Felt so bloated and the blood rushing to your stomach, brutal.


----------



## nbfootball65 (Nov 18, 2014)

Up your mass isn't to bad but mixes like sand. I always prefer quick mass.


----------



## Jack of blades (Apr 2, 2017)

Update. It's s**t can't be arsed with it


----------



## lewibnb (Oct 5, 2009)

I might get slated for suggesting this but my favourite mass gainer is Rice Pudding 

i know it's not the cleanest gainer but a couple tins of it go down real easy


----------



## Jordan08 (Feb 17, 2014)

Add burgers and fries


----------



## BioSynth (Sep 17, 2014)

Bulking on greek yogurt. Used to be an "ectomorph". Now fat haha so it definitely works. Excellent protein content as well though and cheap in lidl for 500g pots.


----------



## Fadi (Dec 14, 2010)

Jack of blades said:


> Just got me some of that serious mass weight gainer that's got 1200 calories a serving. Let the fat gains begin. Feel sick after drinking it. On a serious note though. Can anyone recommend a high calorie drink like this that's cheap? I only got this one because it was half price. I can easily check my self for a cheap high calorie weight gainer but Iv had them in the past where just horrible to mix and horrible texture and a really hard time to drink. I appreciate any advice but please none of that just make your own or just drink it even though it tastes gross. Iv been there and done that for a long time just want it to be easy now. Not taken a weight gainer drink in a while but I need them for work for my short breaks. So yeah anyone know of a high calorie weight gainer that's cheap and easy to get down me let me know of it cheers


 You are what you digest and not what you ingest.

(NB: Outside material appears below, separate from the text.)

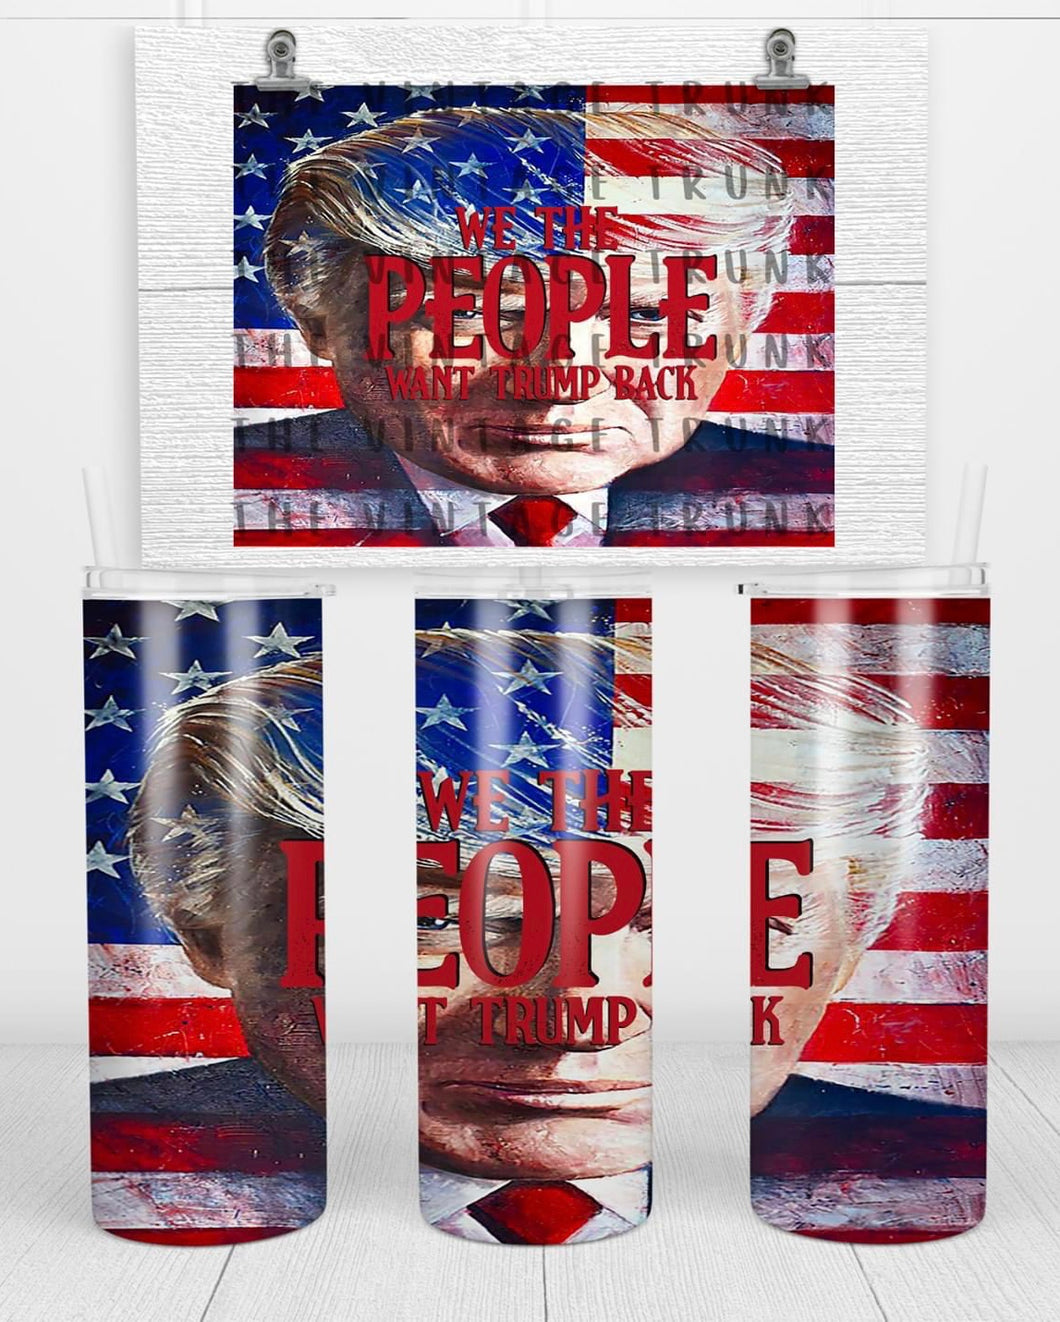 We the people want TRUMP back tumbler

Think less of overwhelming your body with excess calories, and more about digestion and assimilation of what food you truly enjoy and are happy to eat. Most of us have forgotten what it means to enjoy our food, beginning at the point of salivation upon smelling its amazing aroma. This in itself goes a long way in preparing your whole digestive system for what is to come.

I know, as usual I am swimming against the tide with my comments, but I only say it because I've been there, and would like to see you eat to live and not live to eat.

That is all mate.

Fadi.


----------



## Uryens (Aug 10, 2017)

Jack of blades said:


> Just got me some of that serious mass weight gainer that's got 1200 calories a serving. Let the fat gains begin. Feel sick after drinking it. On a serious note though. Can anyone recommend a high calorie drink like this that's cheap? I only got this one because it was half price. I can easily check my self for a cheap high calorie weight gainer but Iv had them in the past where just horrible to mix and horrible texture and a really hard time to drink. I appreciate any advice but please none of that just make your own or just drink it even though it tastes gross. Iv been there and done that for a long time just want it to be easy now. Not taken a weight gainer drink in a while but I need them for work for my short breaks. So yeah anyone know of a high calorie weight gainer that's cheap and easy to get down me let me know of it cheers


 most delicious thing that comes to drink for me is the following :

- 2 scoop of whey chocolate

- 2 bananas (so around 350g of bananas)

- 60g of oats

- 500ml of milk or water(whole milk in your case)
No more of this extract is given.